Three-Dimensional Coupled NLS Equations for Envelope Gravity Solitary Waves in Baroclinic Atmosphere and Modulational Instability

1College of Oceanography, Hohai University, Nanjing 210098, China
2College of Roads and Bridges, Nanjing Vocational Institute of Transport Technology, Nanjing 211188, China
3College of Mathematics and Systems Science, Shandong University of Science and Technology, Qingdao, Shandong 266590, China
4Key Laboratory of Meteorological Disaster of Ministry of Education, Nanjing University of Information Science and Technology, Nanjing 210044, China

Correspondence should be addressed to Ruyun Wang; nc.ude.uhh@yrgnaw

Received 3 August 2017; Accepted 30 October 2017; Published 8 January 2018

Academic Editor: Qin Yuming

Copyright © 2018 Baojun Zhao et al. This is an open access article distributed under the Creative Commons Attribution License, which permits unrestricted use, distribution, and reproduction in any medium, provided the original work is properly cited.

Abstract

Envelope gravity solitary waves are an important research hot spot in the field of solitary wave.
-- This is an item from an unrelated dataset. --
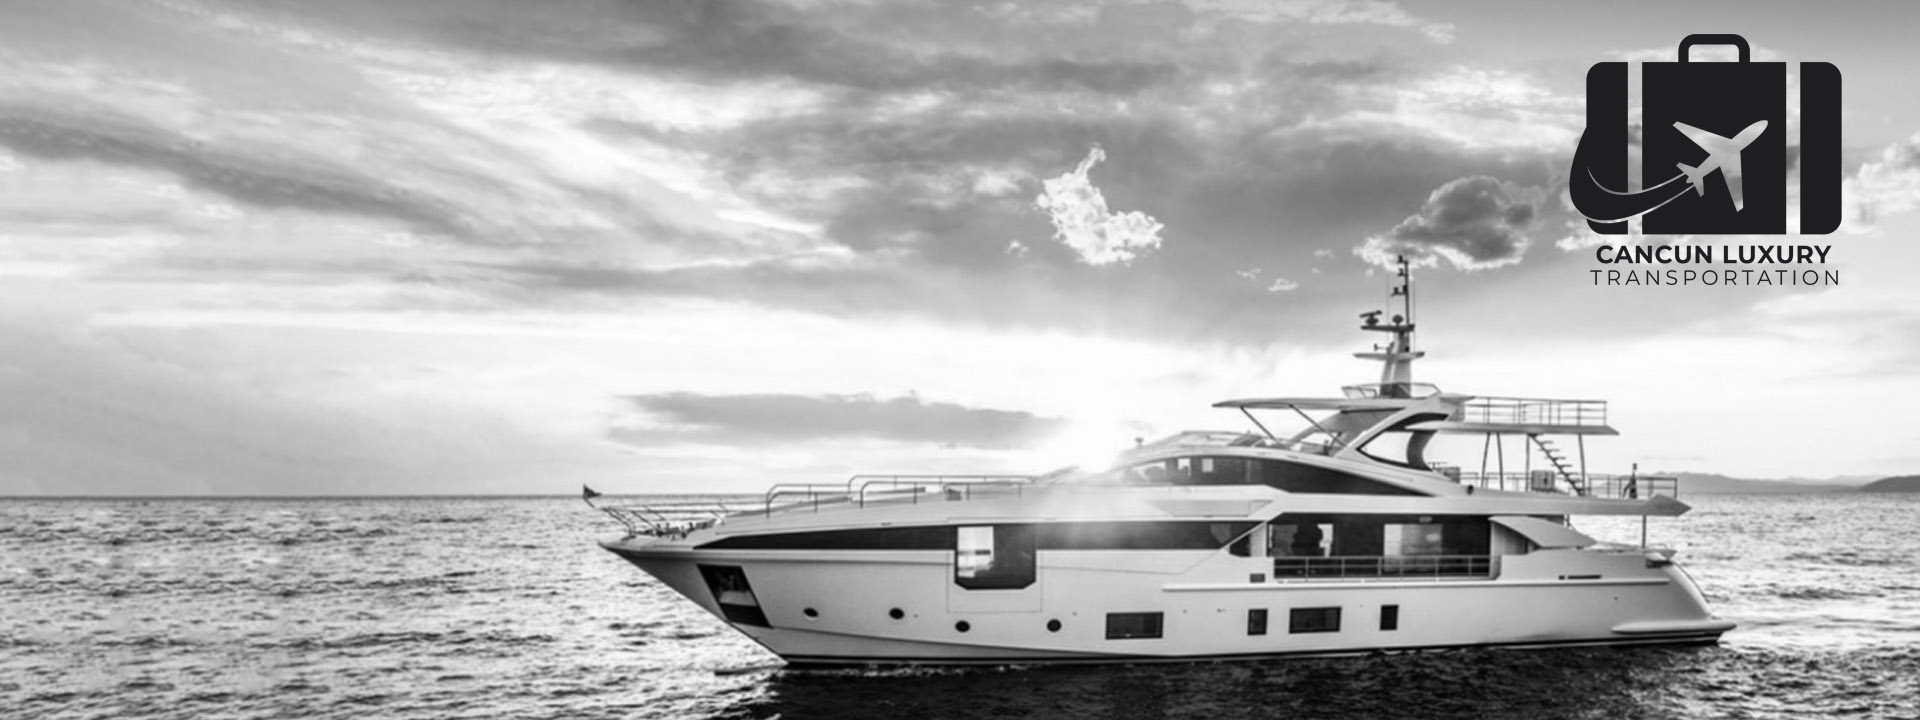 luxury cancun airpor transportation yachts

And the weakly nonlinear model equations system is a part of the research of envelope gravity solitary waves. Because of the lack of technology and theory, previous studies tried hard to reduce the variable numbers and constructed the two-dimensional model in barotropic atmosphere and could only describe the propagation feature in a direction. But for the propagation of envelope gravity solitary waves in real ocean ridges and atmospheric mountains, the three-dimensional model is more appropriate. Meanwhile, the baroclinic problem of atmosphere is also an inevitable topic. In the paper, the three-dimensional coupled nonlinear Schrödinger (CNLS) equations are presented to describe the evolution of envelope gravity solitary waves in baroclinic atmosphere, which are derived from the basic dynamic equations by employing perturbation and multiscale methods. The model overcomes two disadvantages: (1) baroclinic problem and (2) propagation path problem. Then, based on trial function method, we deduce the solution of the CNLS equations. Finally, modulational instability of wave trains is also discussed.